Given information Start Marker

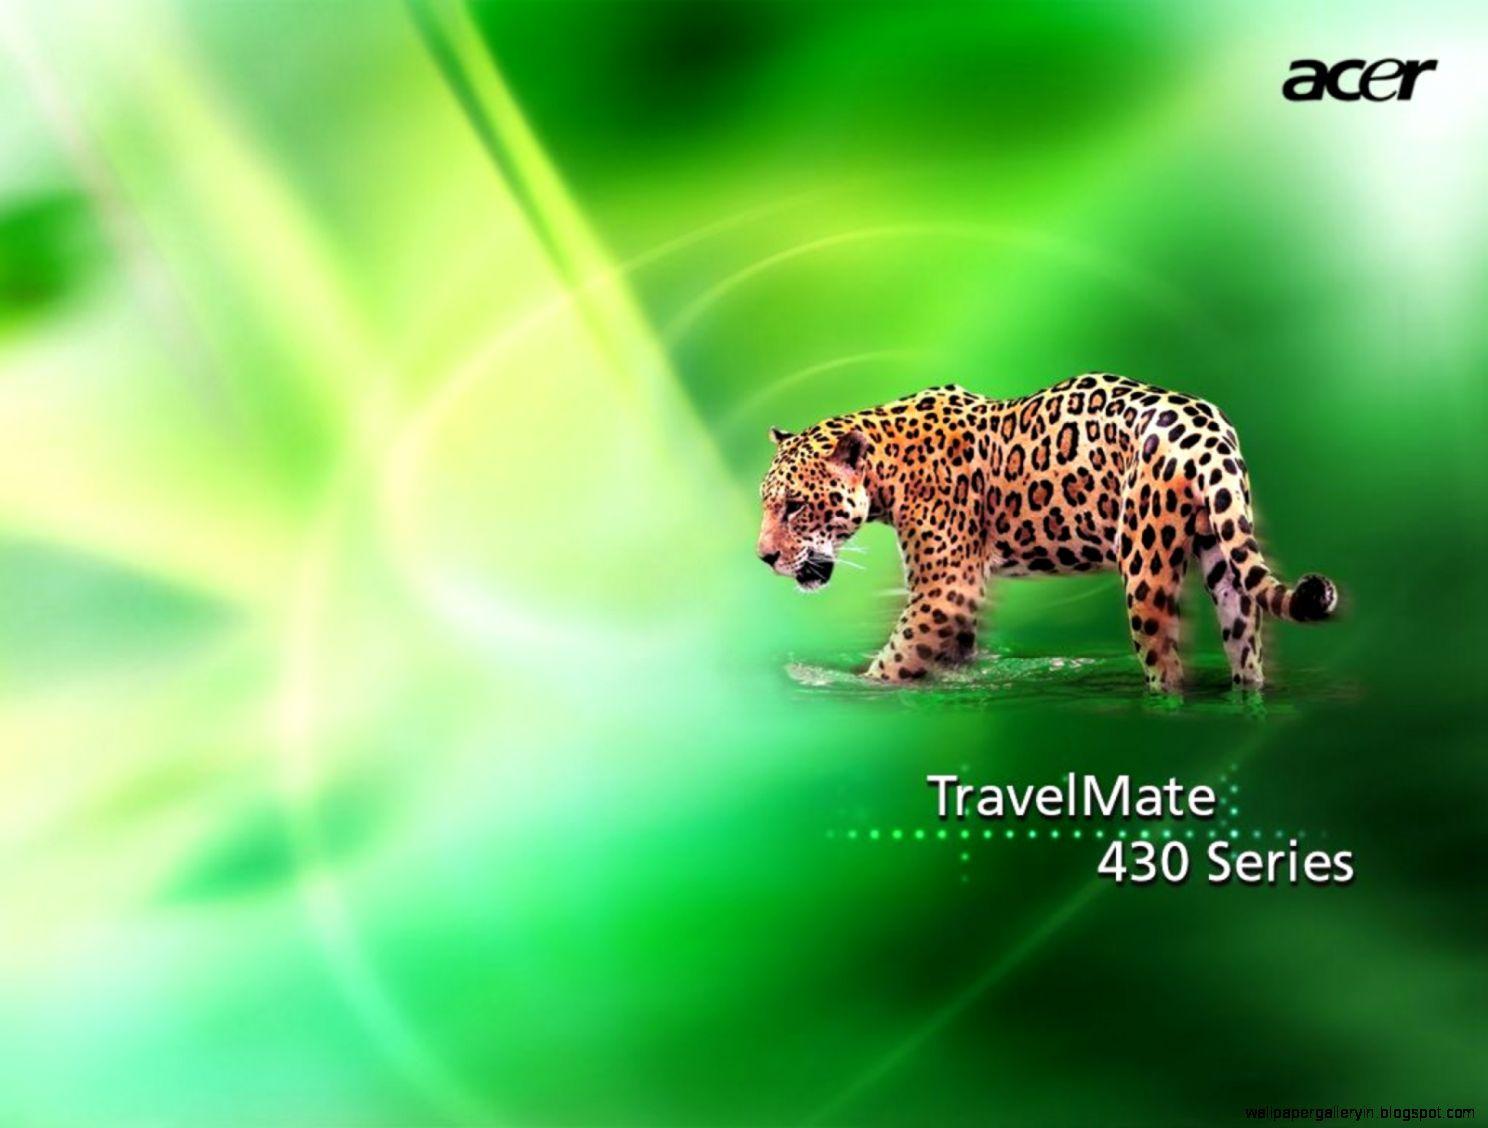 Acer Travelmate 430 Series Wallpaper Desktop
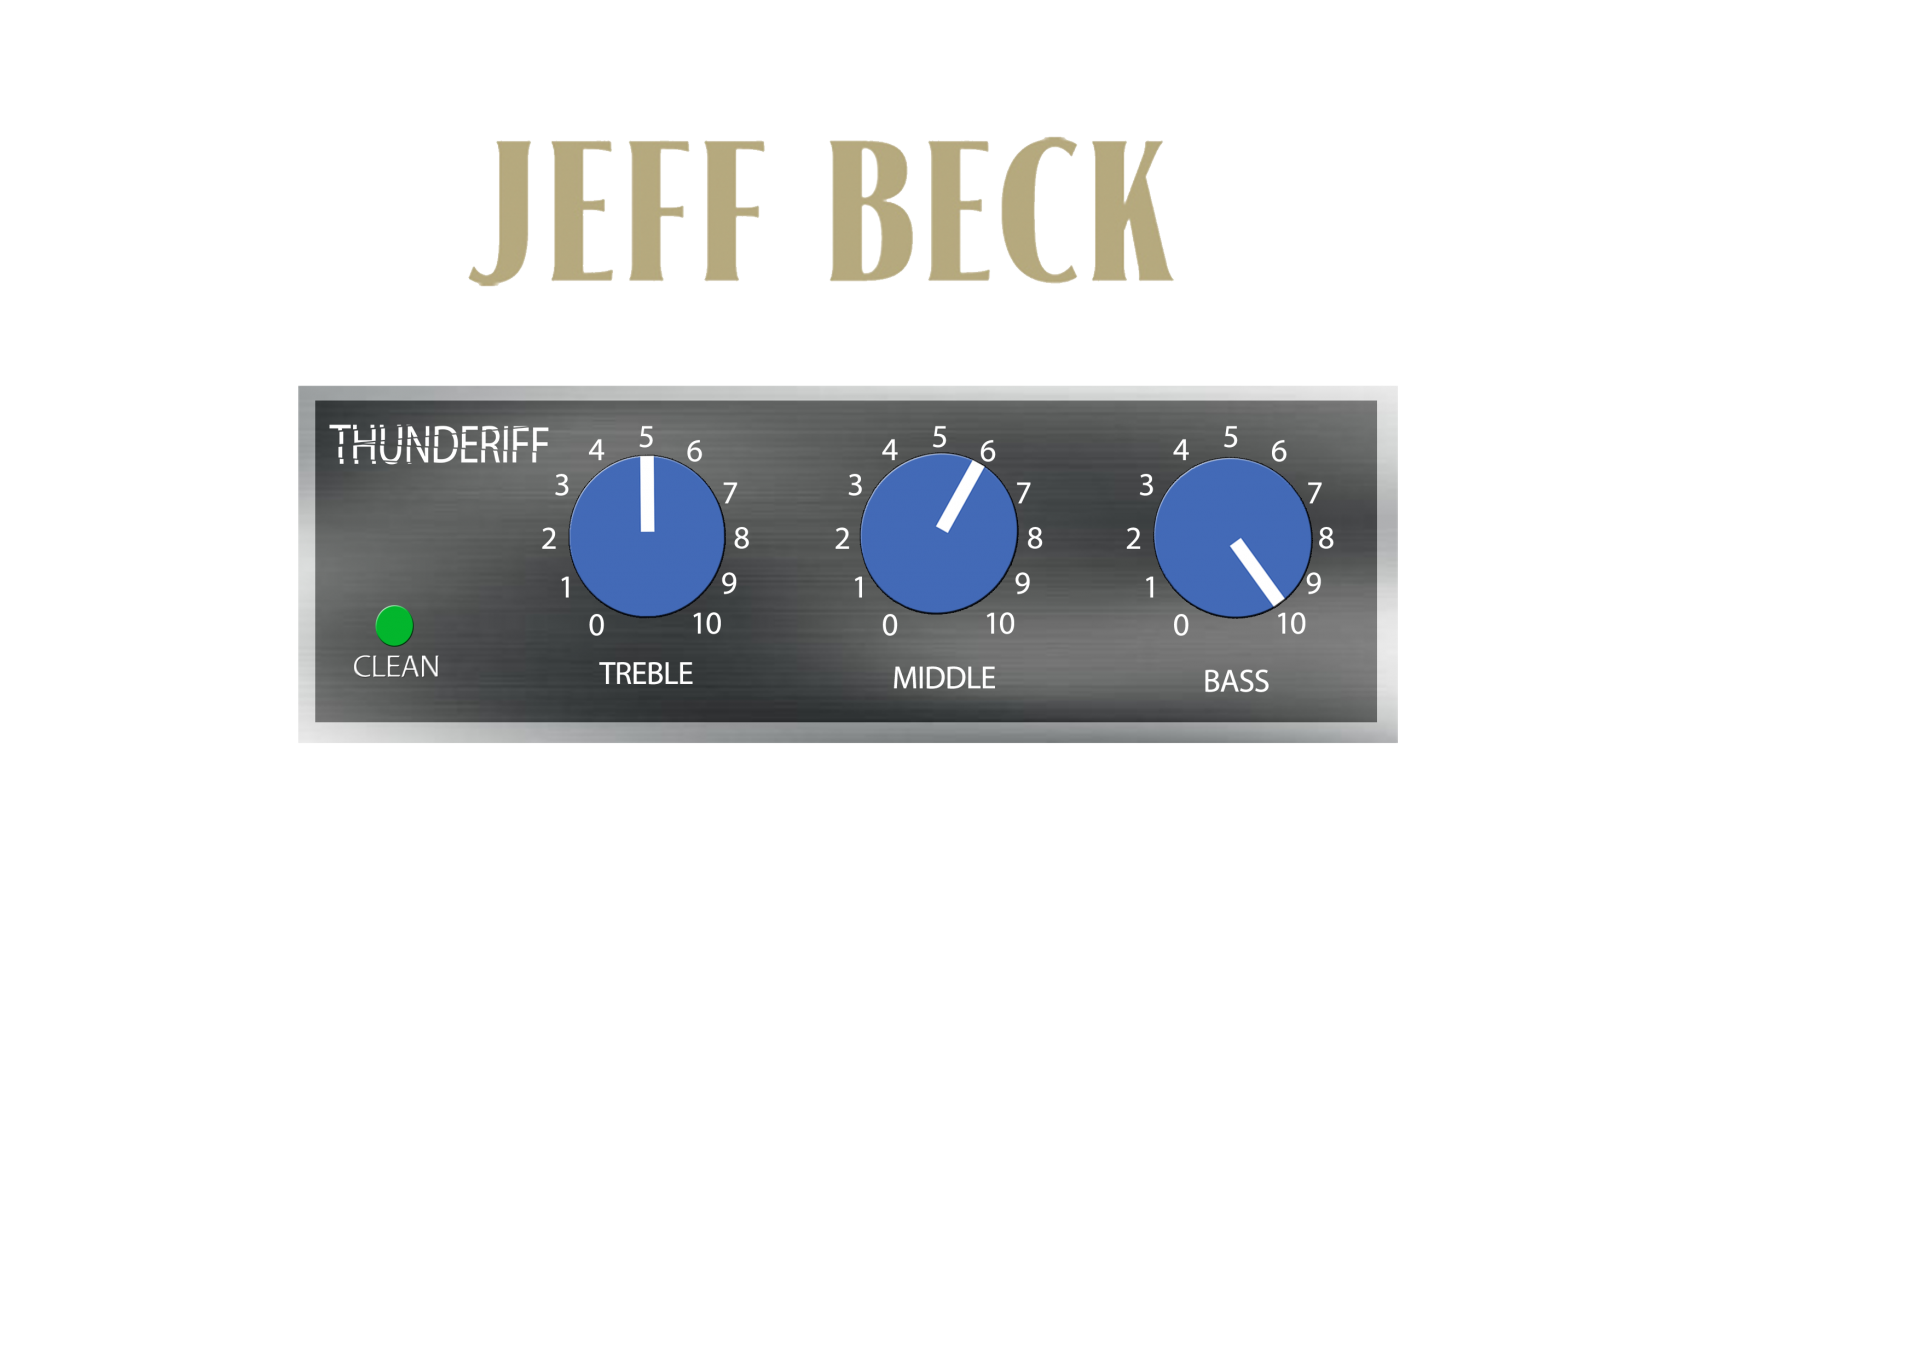 Jeff beck
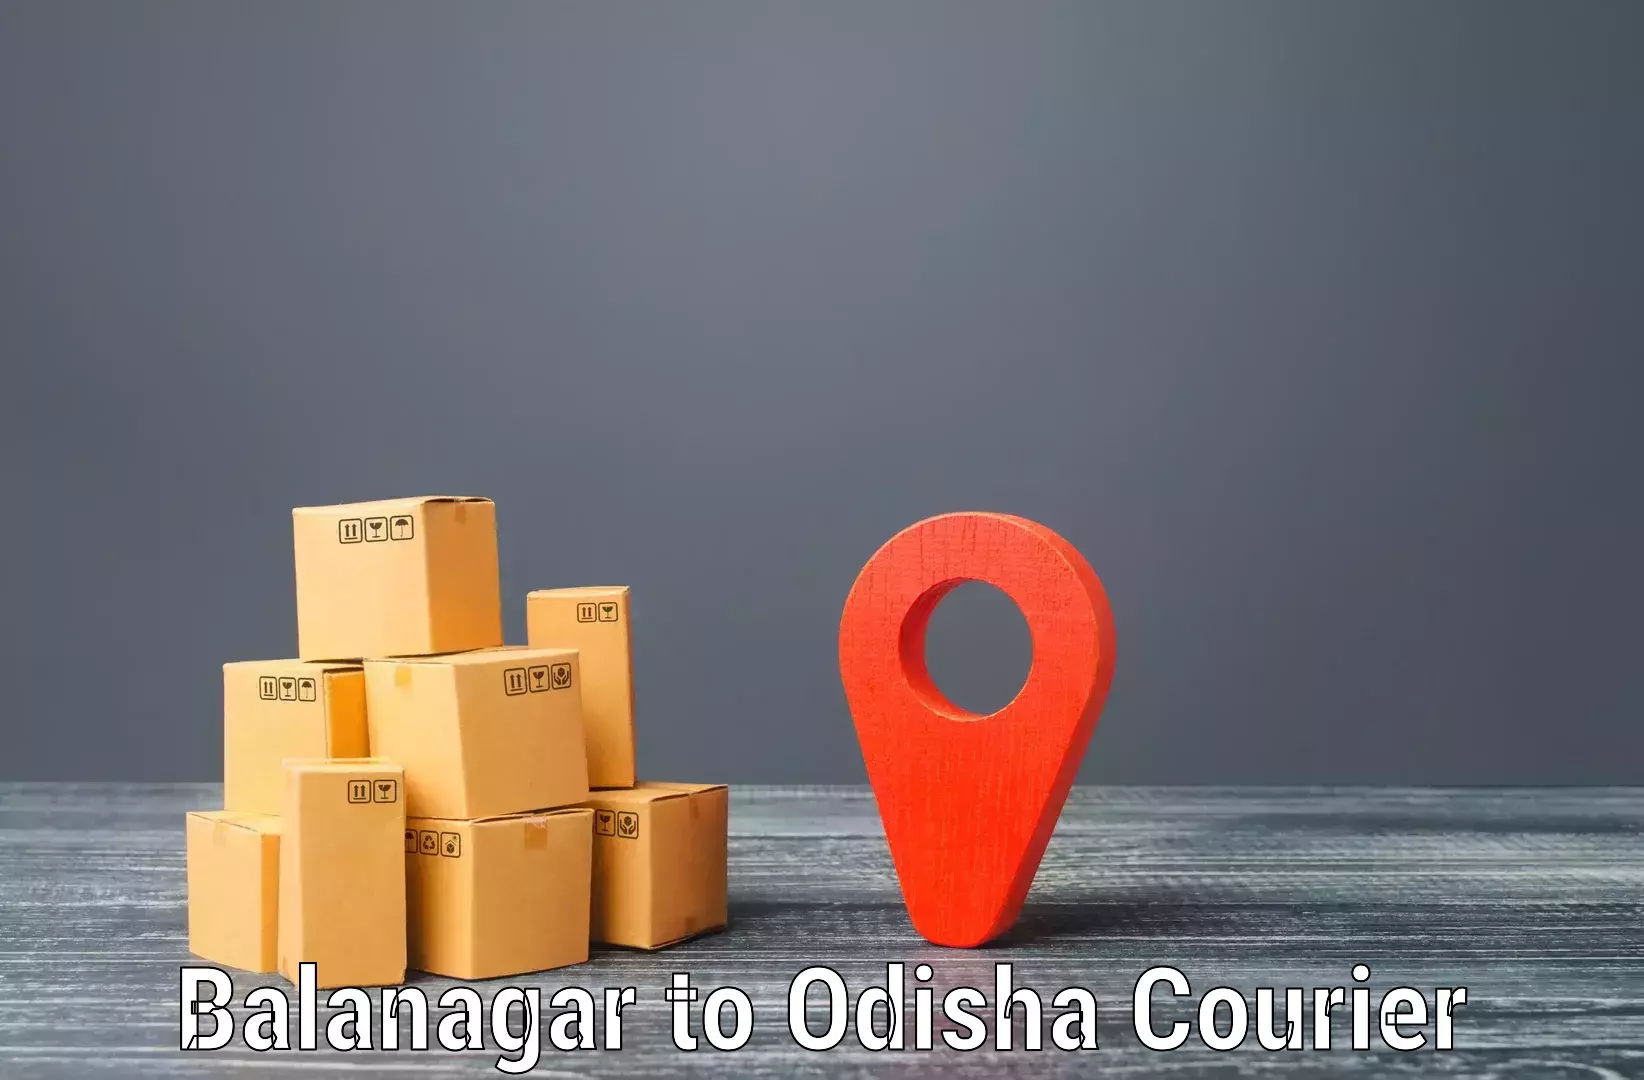 Next-day delivery options Balanagar to Baleswar

Given information End Marker

■ **About this exercise**
Print out all the material above exactly as it appears, omitting the images.

■ **Written response**
 Acer Travelmate 430 Series Wallpaper Desktop
 Jeff beck
 Next-day delivery options Balanagar to Baleswar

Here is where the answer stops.